Opinion
October 24, 1994
Appeal from the Supreme Court, Dutchess County (Hillery, J.).
Ordered that the order is affirmed insofar as appealed from, with one bill of costs to the respondents appearing separately and filing separate briefs.
According to the facts alleged by the plaintiff William Townsend, Townsend was employed by the third-party defendant Highland Sand Gravel, Inc. (hereinafter Highland) as plant superintendent of a quarry. The defendants Nenni Equipment Corp. and James McDonald were the owner and operator, respectively, of a crane leased by Highland for the purposes of installing a stone crusher. Highland provided the rigging for the crane, and Townsend supervised the preparation of the rigging by Highland employees. As the crane was lowering the stone crusher into place, one of the slings comprising the rigging broke, causing the crusher to strike Townsend in the leg.

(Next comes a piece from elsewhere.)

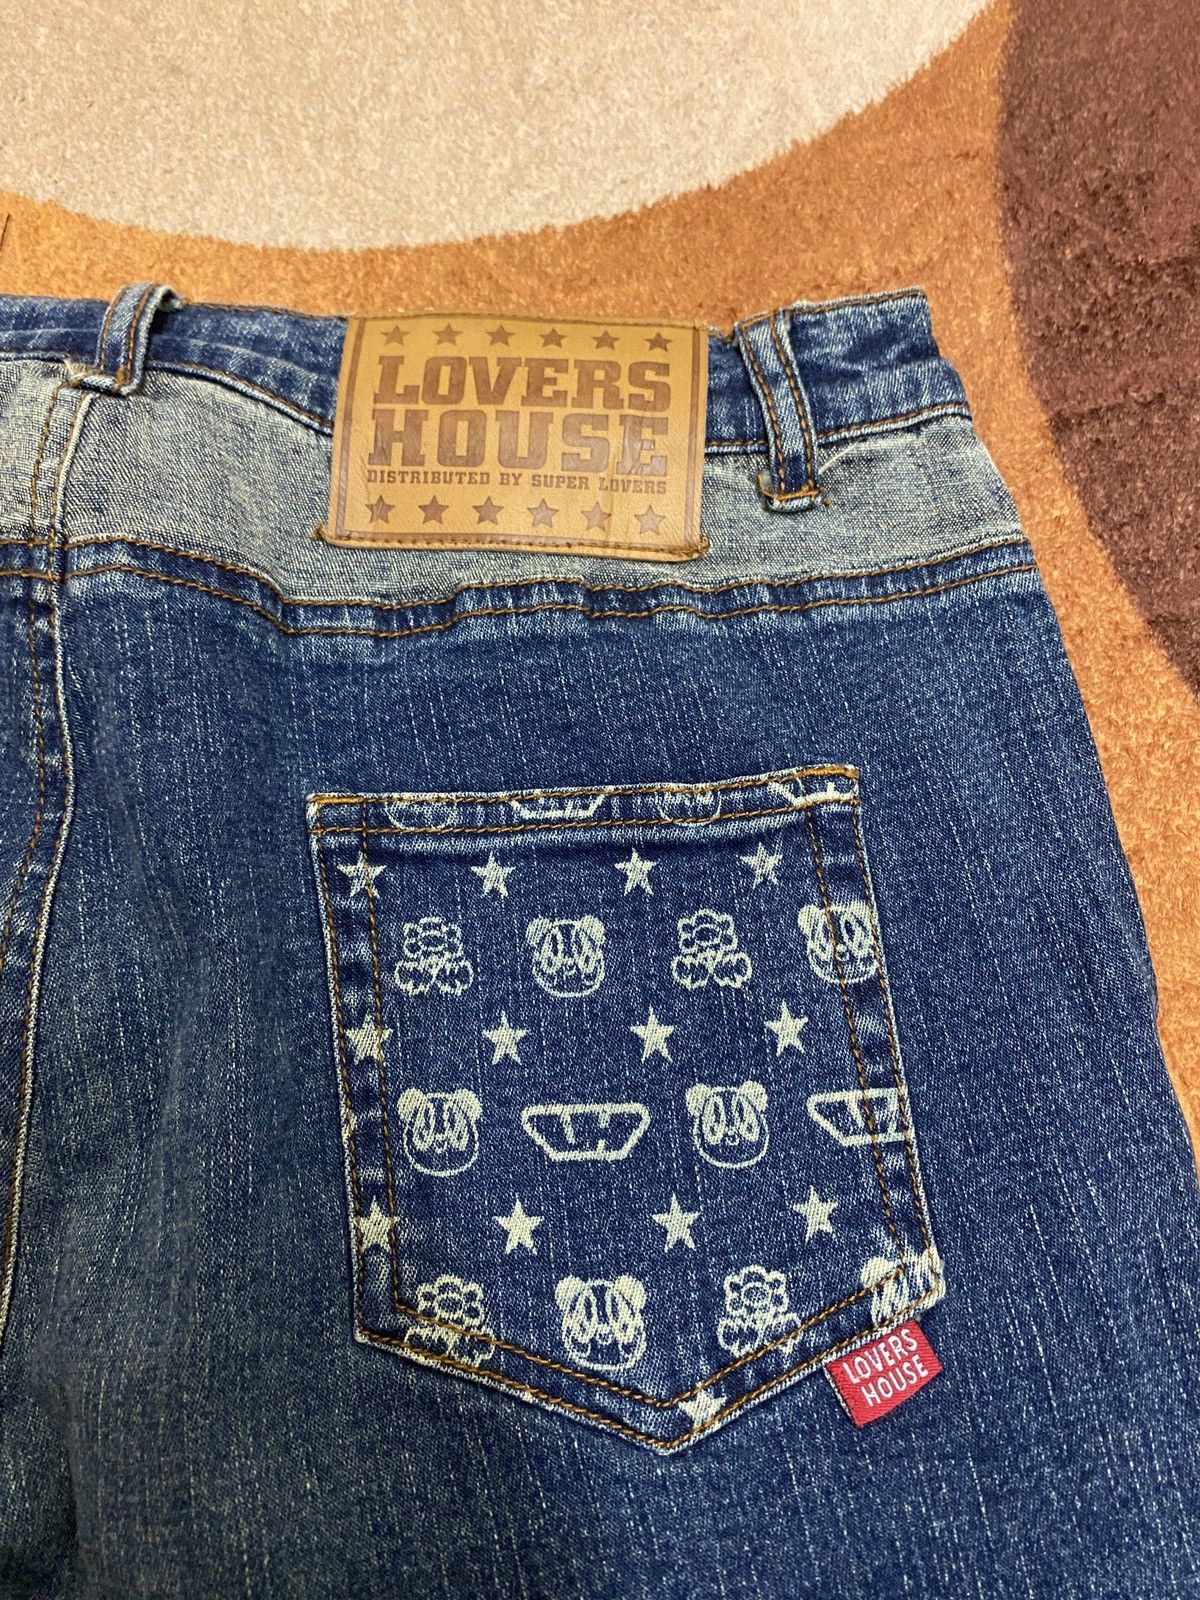 Japanese Brand - Super Lovers / Lovers House Bootcut Jeans - 6

Assuming, arguendo, that the injury falls within the scope of Labor Law § 240 (1) (cf., Schreiner v. Cremosa Cheese Corp., 202 A.D.2d 657; Rocovich v. Consolidated Edison Co., 167 A.D.2d 524, affd 78 N.Y.2d 509), we agree with the Supreme Court that the defendants cannot be considered "contractors" or "agents" within the meaning of the statute. Neither defendant was the general contractor of the project, nor did they assume the duties of a general contractor (see, Russin v. Picciano Son, 54 N.Y.2d 311; Kenny v. Fuller Co., 87 A.D.2d 183). Furthermore, neither can be considered the agent of the owner of the quarry, as the duty to inspect and provide safe rigging was never delegated to them (see, Russin v. Picciano Son, supra; D'Amico v. New York Racing Assn., 203 A.D.2d 509; Paone v. Westwood Vil., 178 A.D.2d 518). The Supreme Court therefore correctly granted that branch of the defendants' cross motion which was for summary judgment dismissing the cause of action based on Labor Law § 240. Bracken, J.P., Copertino, Joy and Altman, JJ., concur.